Problem statement. The reply should be an exact repeat of the listing, with no pictures in it.

Given data.
+ + +
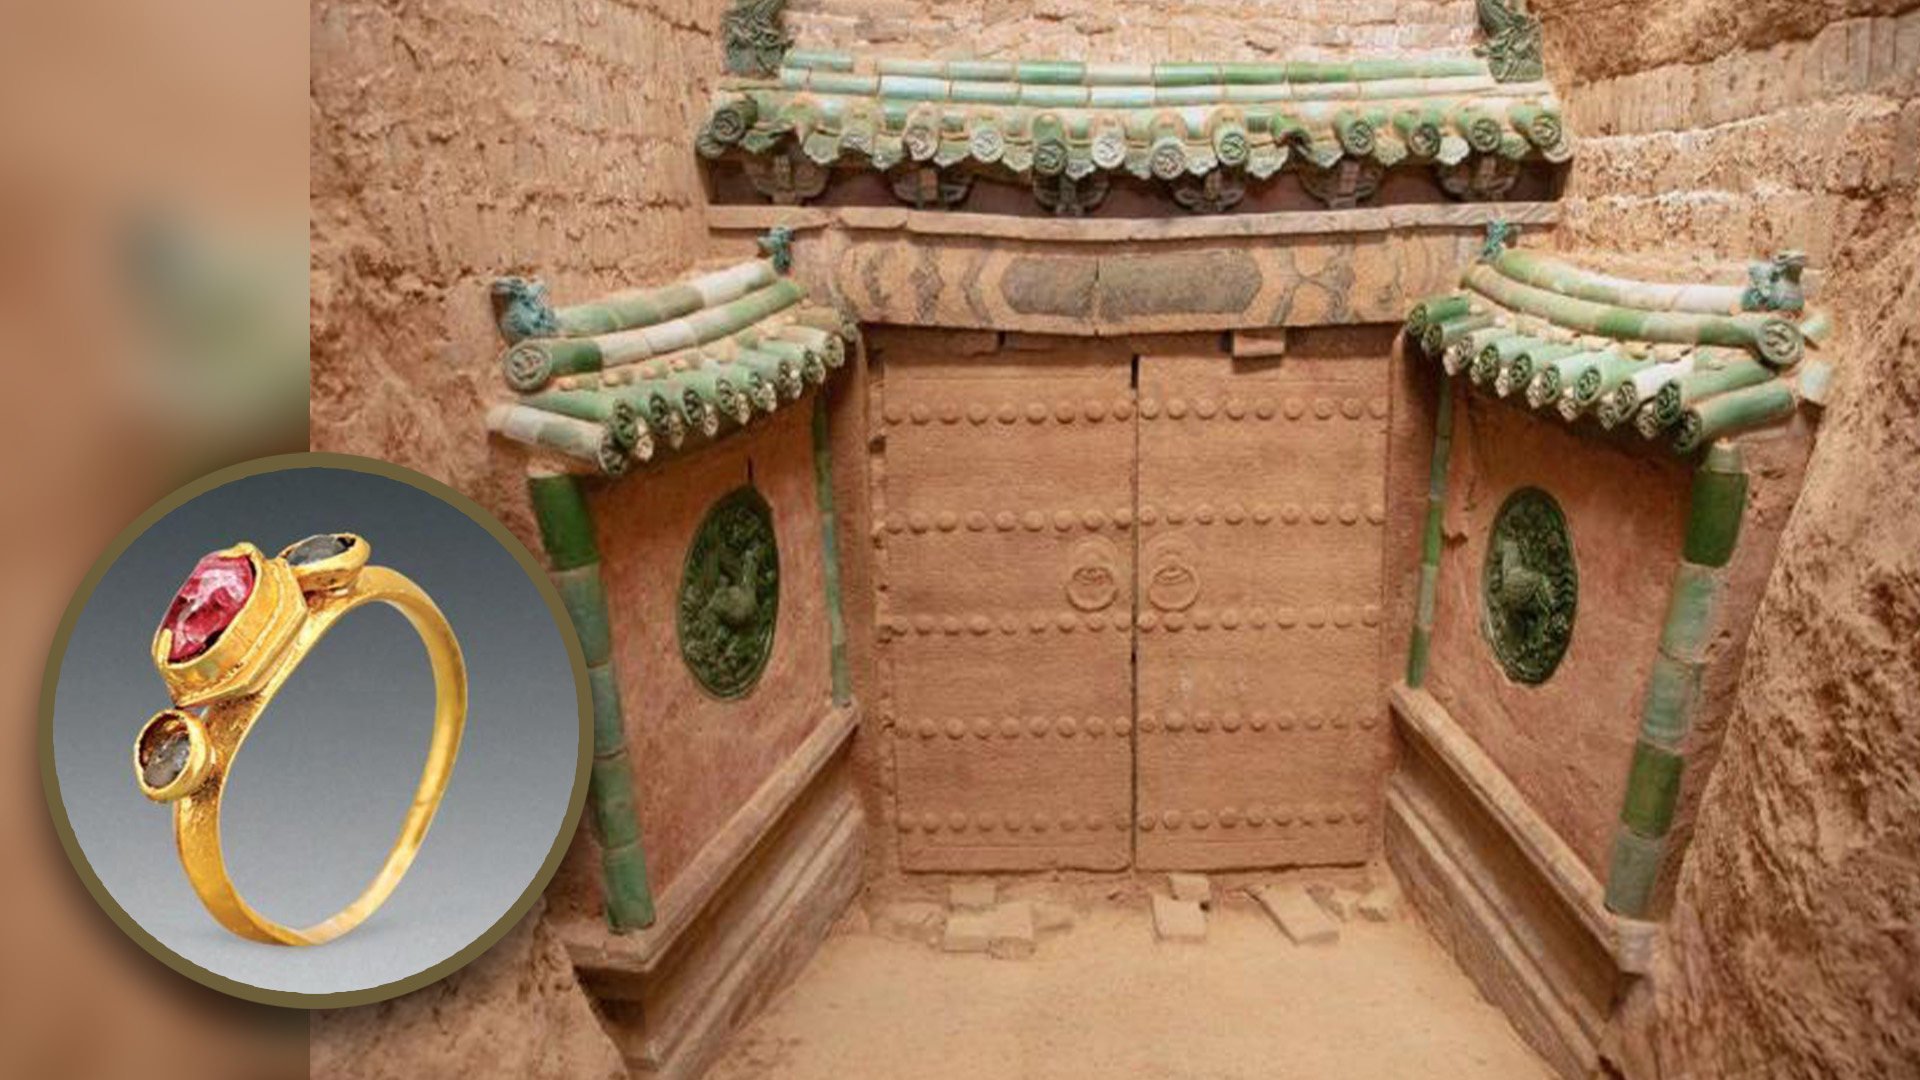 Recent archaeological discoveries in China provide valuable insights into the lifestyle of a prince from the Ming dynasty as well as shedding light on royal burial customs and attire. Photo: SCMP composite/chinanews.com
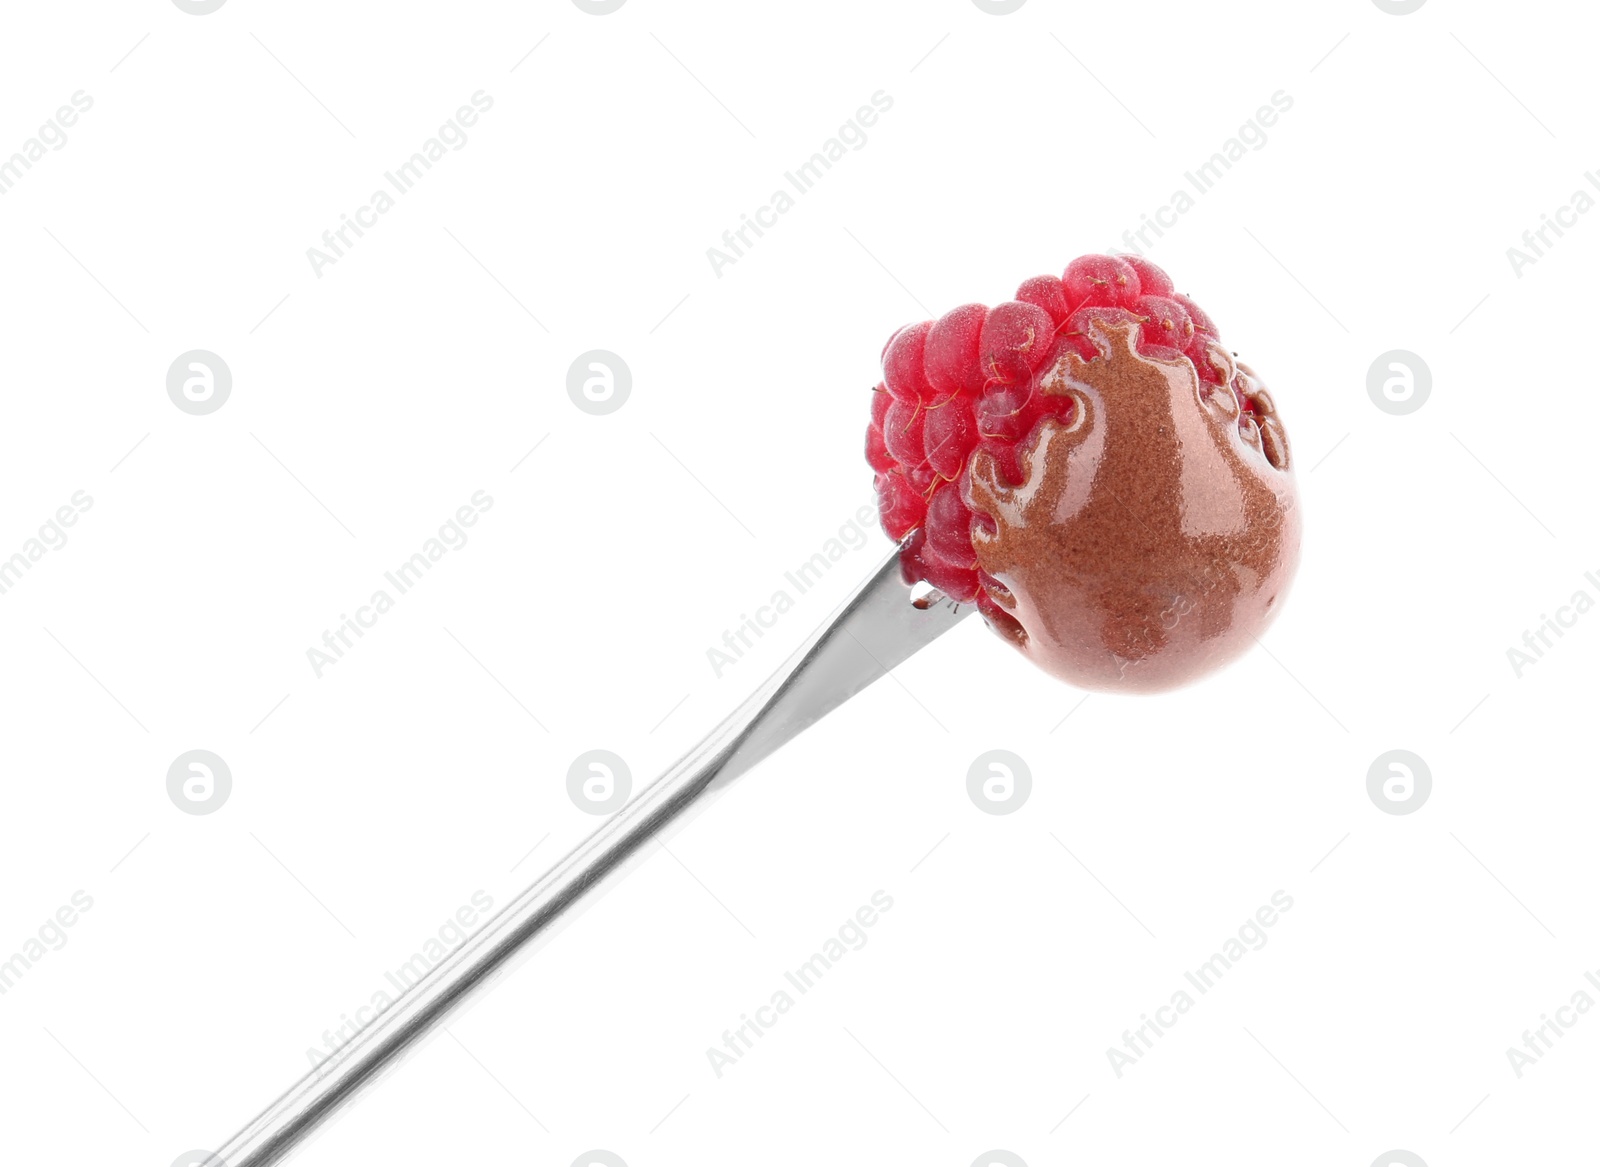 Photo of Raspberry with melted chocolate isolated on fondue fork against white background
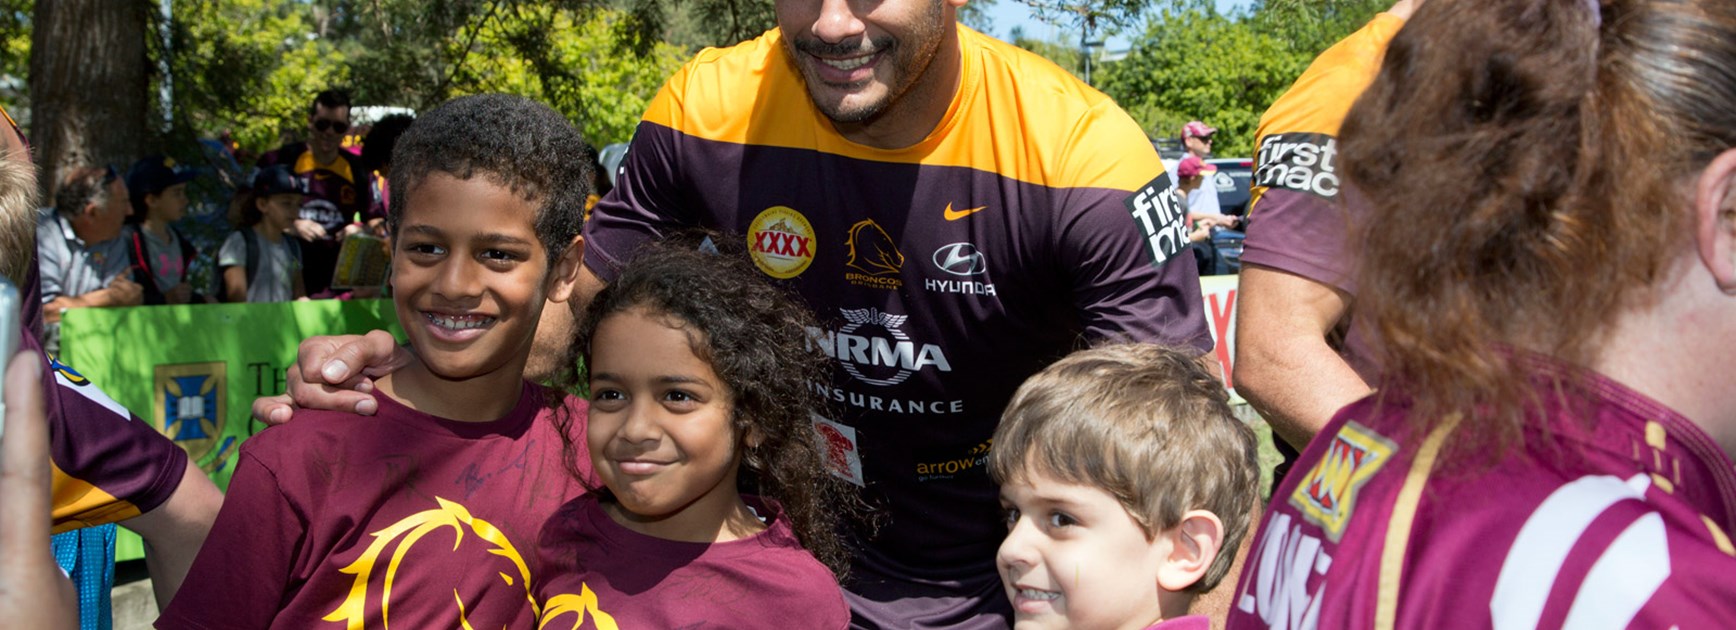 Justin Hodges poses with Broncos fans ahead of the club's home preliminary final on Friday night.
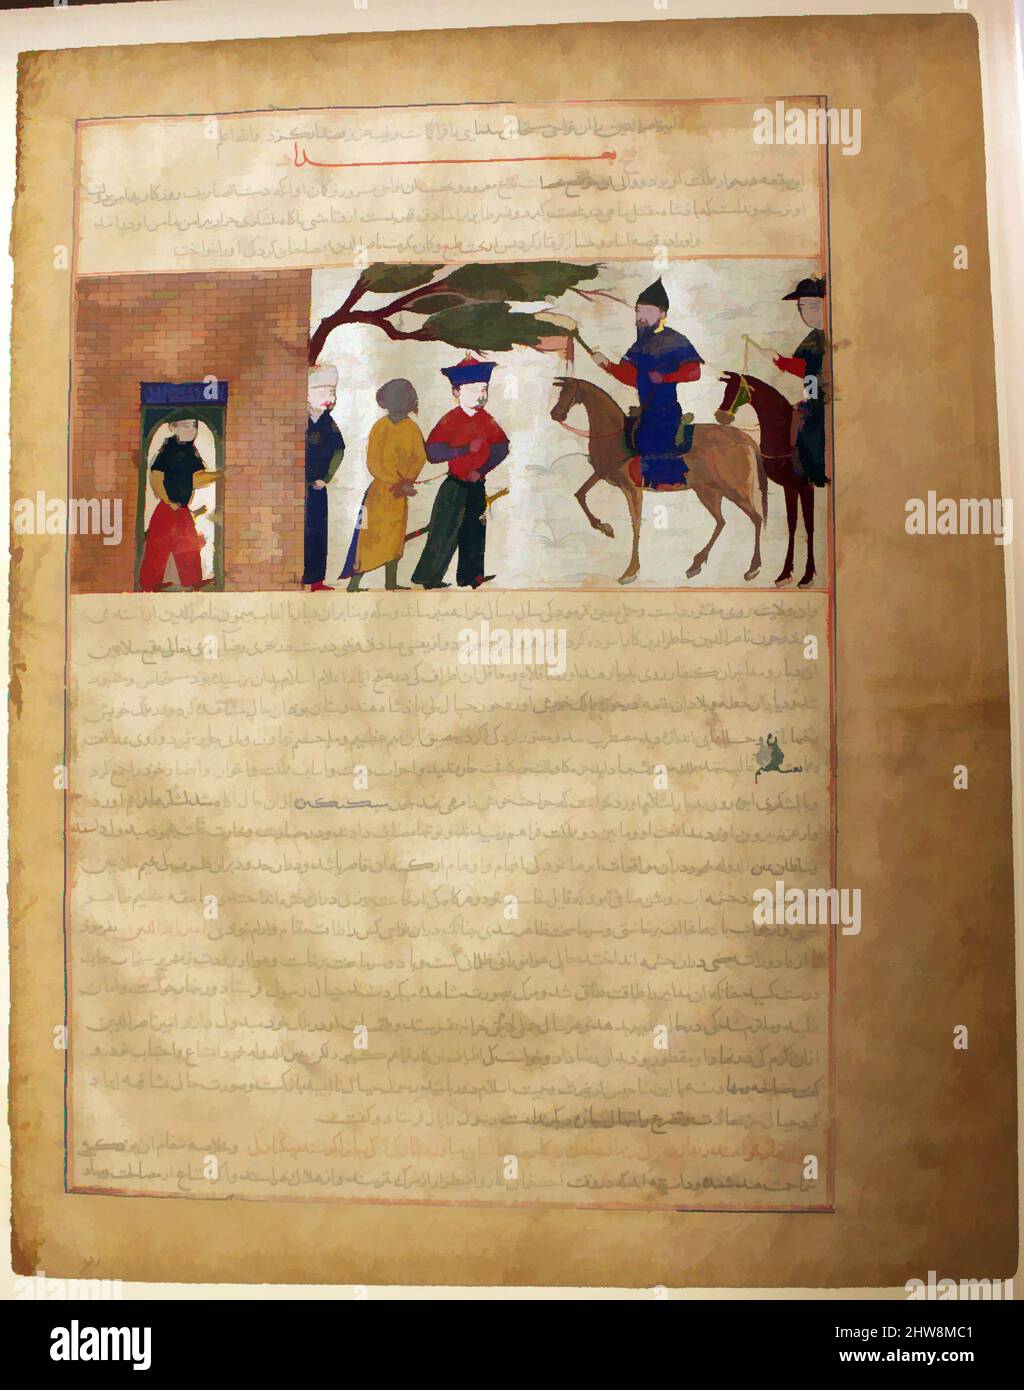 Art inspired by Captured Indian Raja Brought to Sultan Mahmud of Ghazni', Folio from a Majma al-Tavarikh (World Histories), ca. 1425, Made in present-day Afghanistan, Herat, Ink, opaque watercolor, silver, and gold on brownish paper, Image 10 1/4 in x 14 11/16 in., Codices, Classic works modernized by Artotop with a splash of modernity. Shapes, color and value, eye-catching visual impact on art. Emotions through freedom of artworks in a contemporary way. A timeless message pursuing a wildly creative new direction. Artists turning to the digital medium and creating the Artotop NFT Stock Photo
+ + +
Response for this exercise.
 Recent archaeological discoveries in China provide valuable insights into the lifestyle of a prince from the Ming dynasty as well as shedding light on royal burial customs and attire. Photo: SCMP composite/chinanews.com
 Photo of Raspberry with melted chocolate isolated on fondue fork against white background
 Justin Hodges poses with Broncos fans ahead of the club's home preliminary final on Friday night.
 Art inspired by Captured Indian Raja Brought to Sultan Mahmud of Ghazni', Folio from a Majma al-Tavarikh (World Histories), ca. 1425, Made in present-day Afghanistan, Herat, Ink, opaque watercolor, silver, and gold on brownish paper, Image 10 1/4 in x 14 11/16 in., Codices, Classic works modernized by Artotop with a splash of modernity. Shapes, color and value, eye-catching visual impact on art. Emotions through freedom of artworks in a contemporary way. A timeless message pursuing a wildly creative new direction. Artists turning to the digital medium and creating the Artotop NFT Stock Photo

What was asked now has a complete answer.